Every “Texas Chainsaw Massacre” (TCM) movie is terrible. Spanning from the original to the 2022 Netflix release and taking a tiny reprieve for “Texas Chainsaw Massacre 2” (1986), which is arguably watchable, the series has always been awful. I state this to be clear that I came into “Texas Chainsaw Massacre” (2022) from a place of unrelenting anger and cynicism. My review may thus be overly harsh.
This “Halloween Kills” lookalike follows a group of young people, 40 years after the original massacre took place, as they attempt to gentrify a rundown Texan town. That is genuinely the plot. Five Gen Z/Millennials buy an entire town in order to sell it to influencer chefs but then Leatherface kills them all. Any further facade of plot or character was utterly contrived and despicably underwritten. But that is not what matters in this criticism. No “TCM” movie has ever claimed to be driven by anything other than violence and mindless entertainment. Audiences who, for some ungodly reason, enjoy this series, do not enjoy it for its thoughtful character studies and low concept structure. They enjoy watching the big man with a spooky gross face chainsaw a screaming half-naked woman whose name was maybe said once.
Despite my biases, I am a slasher fan, so I do understand what makes these movies entertaining. The key is in the creativity. Which, in all honesty, “TCM” (2022), the eighth iteration, had a bit of. The original “TCM” (1974) was, in many ways, the original 70s slasher, and thus the basis for the more famous 80s slashers. No “TCM” (1974) means no Freddie, Jason, Michael or Chucky. The original had a clear directorial vision. It reveled in grime and sleaziness. It was a true grindhouse picture made by lovers of the widely dismissed and scorned genre, in order to make its audience uncomfortable as well as terrified. I respect the original and appreciate its importance in a genre I hold so dearly, but the sadistic levels of sexism and ableism throughout make it unwatchable. “TCM” (2022) is not ableist or sexist, but it also does not have any apparent directorial vision nor the saving charms or inspiring nature of an authentically low-budget sleazy slasher.

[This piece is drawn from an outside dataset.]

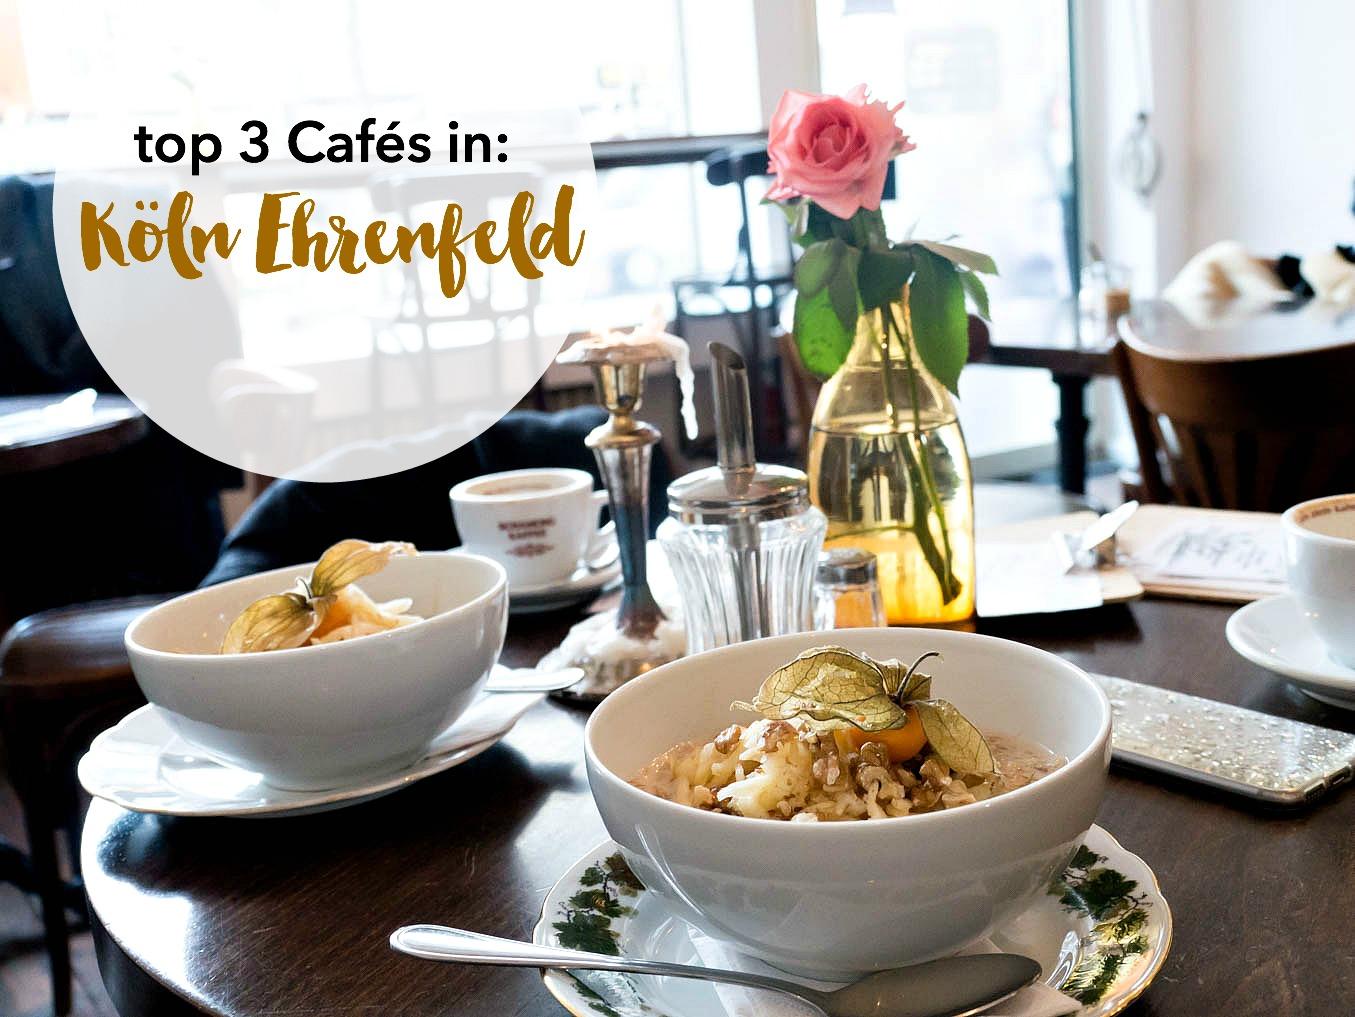 Mein top 3 Cafés in Köln Ehrenfeld.

All this Netflix release has going for it is gore—a lot of gore used in ways not often seen. Directors like Ari Aster have normalized sitting in images of unfiltered body horror and yet still, the vast majority of low-brow high-budget horror shy away from it, either because of a lack of imagination or fear of polarizing their audience. They may show a stab wound and blood pouring out of a victim’s mouth, but few have the braves or facial prosthetic ability to show a skinless face, a mouth doubled in length via sharp instrument or even a beheading. “TCM” (2022) was not afraid. Chainsaws do not result in neat pretty deaths, and heads with the faces cut off, equally staples of the series, are nasty. A lot of people die in this movie, often in quick succession, and for a film that otherwise does not have a unique or inventive bone in its body, these deaths occurred in ways rarely seen. They were simultaneously quick, violent and well thought out. No matter how painful and asinine the rest of “TCM” (2022) may be, it showed gore not just often but imaginatively, in both methods of kill and bodily mutilation.
Any fans, or begrudging viewers, of the past “TCM” films, will be confused to scrub through this supposed sequel and find no mention of the Sawyer family. The Sawyer family, or the Hewitt family in the early 2000s “TCM” remake, are the cannibalistic extended family of Leatherface. They are integral to the premise and horror of the past movies. At first, the original movies present Leatherface as a singular evil force, but it slowly becomes clear his insidious intentions span a dangerously large group of people. The protagonists are surrounded by the Sawyer family, and gruesome death begins to feel inevitable. It is terrifying. But the Sawyers were not in “TCM” (2022). Leatherface’s entire established backstory was changed and replaced with nothing of substance. The unstoppable murderous force really is just him, a human man. Leatherface and the Sawyers have been minimized into every other human slasher. They have become another Michael Myers clone.
A further similarity between this film and the newer films in the “Halloween” franchise is its feckless attempt at morality. “TCM” (2022) managed the most inarticulate, muddled, insensitive anti-gun violence message I have ever seen. The only reason I have any confidence this was in fact the intended message, as it gets utterly forgotten and even undermined about halfway through the movie when guns are shown to be the only thing that can fight off Leatherface, is the youngest character, Lila (Elsie Fisher), is a survivor of a school shooting. She is shown early in the movie having traumatic flashbacks at the sight of a gun, but by the end, she wields one without much thought. Still, the director insists he made an anti-gun violence movie. When dealing with a topic as real and somber as school shootings, one must tread so carefully in order to not end up using the deaths of dozens of teenagers as shock value. “TCM” (2022) had no such grace.
This film was unpleasant, senseless and bad for the series as a whole, but it was entertaining and gorey enough to be worth a hate-watch.